Expert Discusses Potential Role for Platelet Function, Genetic Testing
No prospective trials have demonstrated improved outcomes associated with individually tailored therapy based on the results of platelet function or genetic testing, but some study data still indicate the tests are useful in certain settings, said Paul A. Gurbel, MD, of the Sinai Center for Thrombosis Research, Baltimore, Md., in a lecture at TCT 2014.
According to Gurbel, platelet function testing may be appropriate in several scenarios, such as in high-risk PCI treated with clopidogrel in patients who are at increased risk of stent thrombosis or are vulnerable to catastrophe if such events occur. It also is helpful in determining when clopidogrel-treated patients can safely undergo surgery. Genetic testing, he added, should be considered in P2Y12 inhibitor-naive patients.
Lack of adequate trial data
Without positive prospective trial data, researchers question whether measuring platelet function testing to personalize therapy is warranted, Gurbel said.
Three major prospective trials of personalized antiplatelet therapy — GRAVITAS, TRIGGER-PCI and ARCTIC — showed no benefit to testing. “All of these trials are inadequate to refute the utility of personalization,” he countered. “These are not the final word on whether or not to personalize. These trials were neutral, and that’s unarguable. But they do have limitations.”
The limitations include that all patients were low risk, and therefore events were few and the studies undersized, Gurbel commented. In addition, there were low post-discharge event rates in all the trials and non-uniform protocols in the ARCTIC trial.
“The challenge for future randomized trials is that the event rates are low,” Gurbel said. “We need to sort out the patients who are at higher risk who will stand the greatest chance of [deriving benefit from] personalizing antiplatelet therapy.”
Potential for platelet testing
Gurbel pointed to a study published this year by Aradi et al in the Journal of the American College of Cardiology indicating that platelet function testing may be appropriate in high-risk ACS patients after successful PCI.
In the study, all patients underwent testing, with antiplatelet therapy altered according to its results. Patients with high platelet reactivity who received prasugrel (Effient, Daiichi Sankyo/Eli Lilly) demonstrated a 1-year risk of combined all-cause mortality, stent thrombosis, MI or stroke comparable to that of patients without high platelet reactivity who received clopidogrel (HR 0.90; 95% CI 0.44-1.81; P=.76). On the other hand, patients with high platelet reactivity who received clopidogrel at doses adjusted to reflect testing results had unfavorable outcomes (HR 2.27; 95% CI 1.45-3.55; P<.0001).
The ongoing TROPICAL-ACS study should provide further data on platelet testing in high-risk patients, Gurbel said. In addition, findings from the TARGET-CABG study, which he and fellow researchers published in 2012 in Circulation: Cardiovascular Interventions, suggest that preoperative platelet function testing may help surgeons determine when it is safe for clopidogrel-treated patients to undergo CABG.

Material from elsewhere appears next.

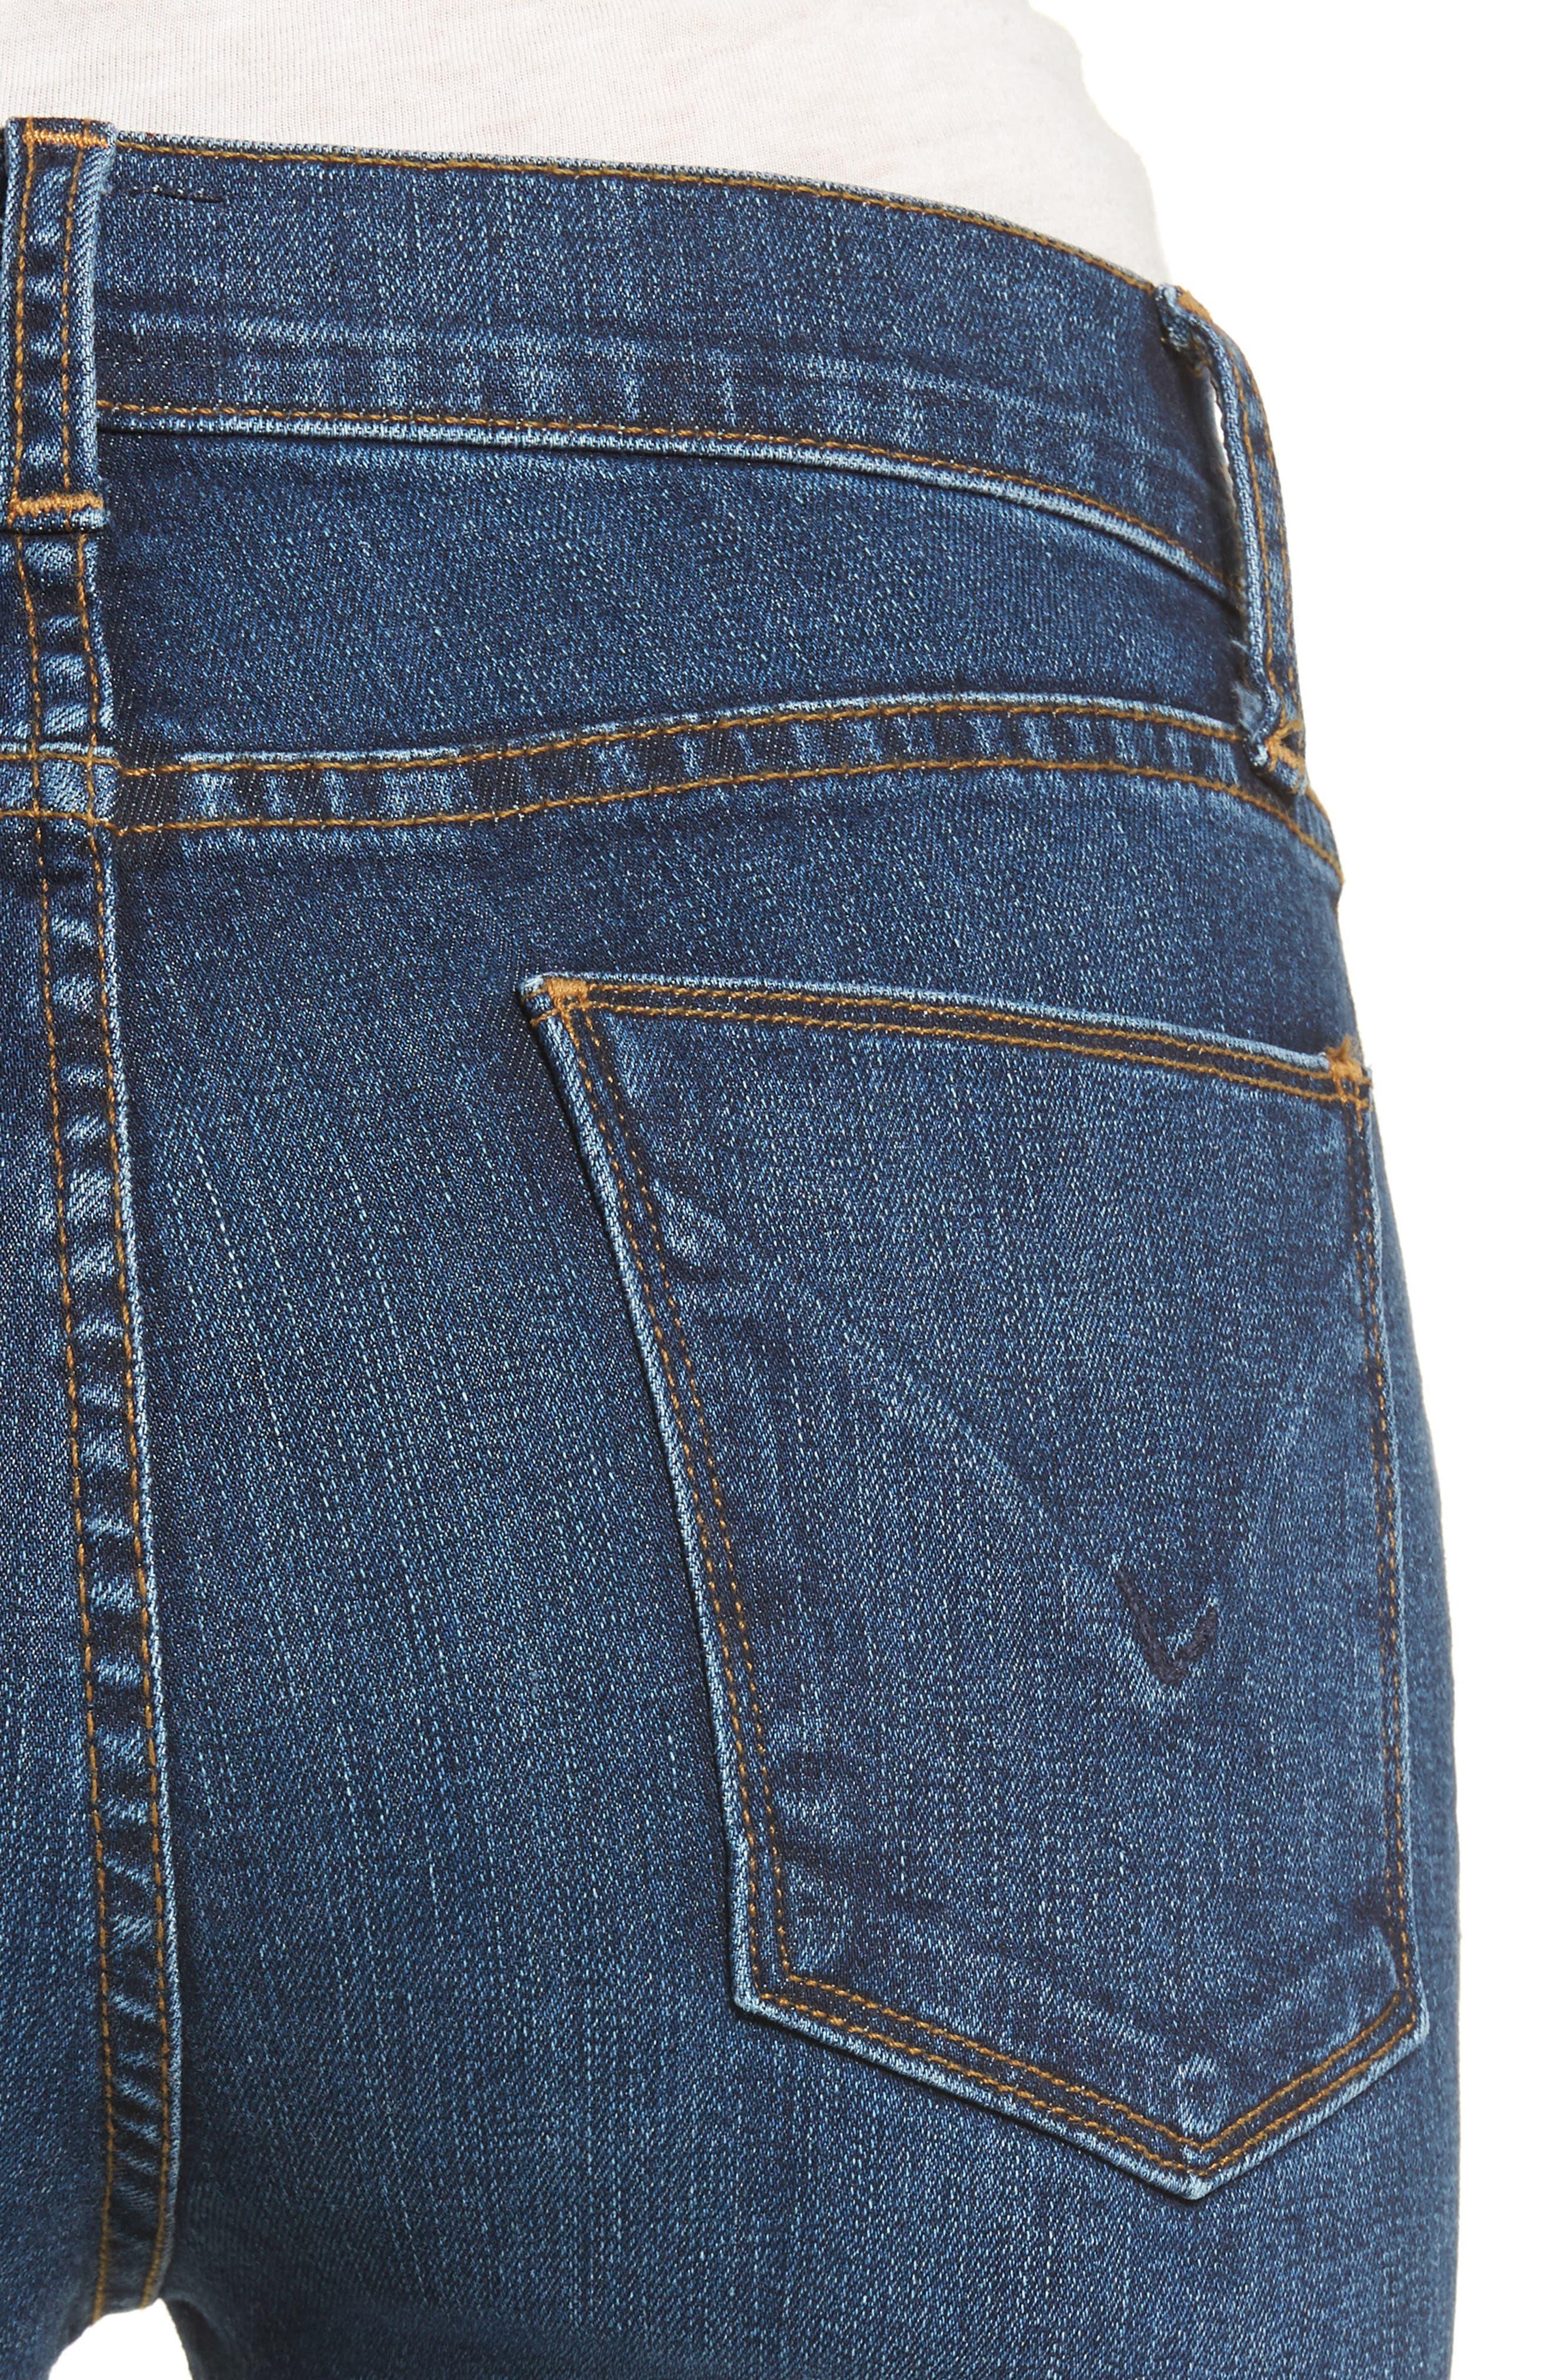 Barbara High Waist Super Skinny Jeans,                             Alternate thumbnail 4, color,                             400
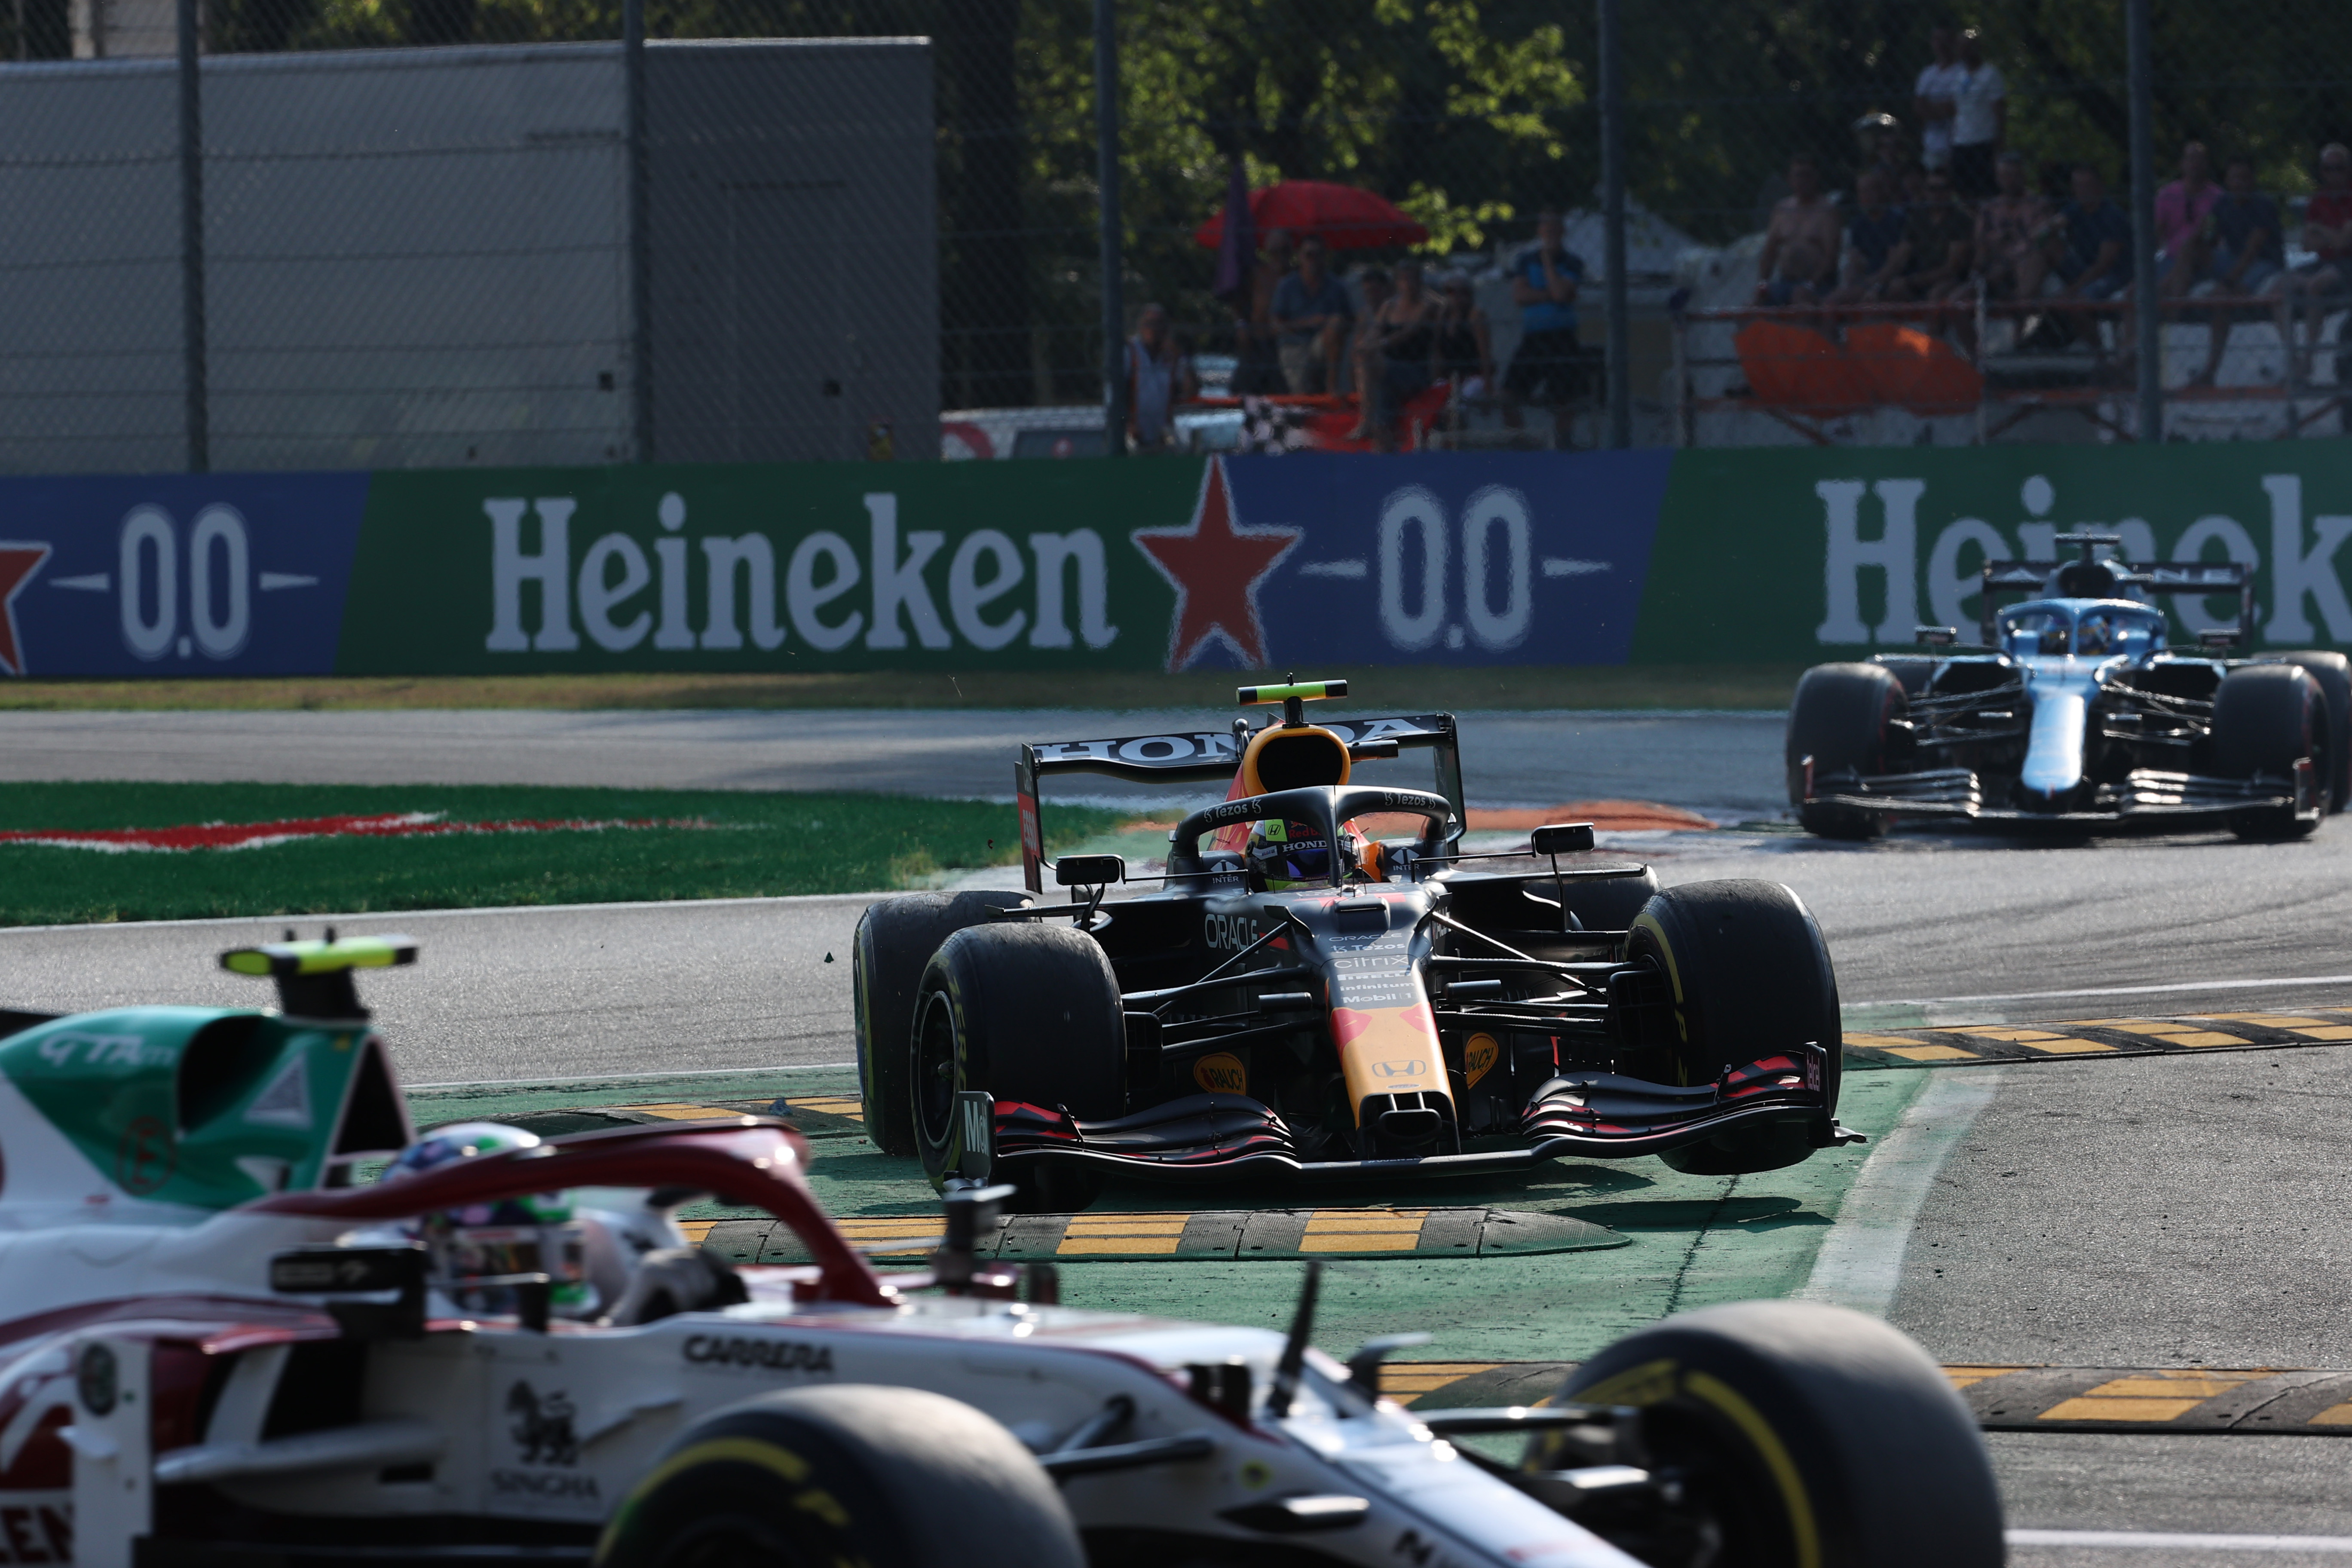 Motor Racing Formula One World Championship Italian Grand Prix Sprint Day Monza, Italy

Awaiting answers about genotyping
According to Gurbel, data from meta-analyses have indicated that carriers of the CYP2C19 loss-of-function allele tend to have higher risk of stent thrombosis. Yet genotype is an “imperfect indicator of phenotype,” he stressed, citing his research showing that some carriers can have low on-treatment platelet reactivity with clopidogrel.
Researchers thus await the outcomes of the TAILOR-PCI trial, which is individualizing therapy for ACS patients according to CYP2C19 genotype, to clarify the role of genetic testing for personalized treatment, he said.
- Gurbel reports receiving research grant support from AstraZeneca, CSL, Daiichi Sankyo/Eli Lilly and Company, Haemonetics, HCRI and the NIH as well as consultant fees/honoraria from AstraZeneca, Boehringer Ingelheim, CSL, Daiichi Sankyo/Eli Lilly and Merck. He has patents in the field of platelet function testing.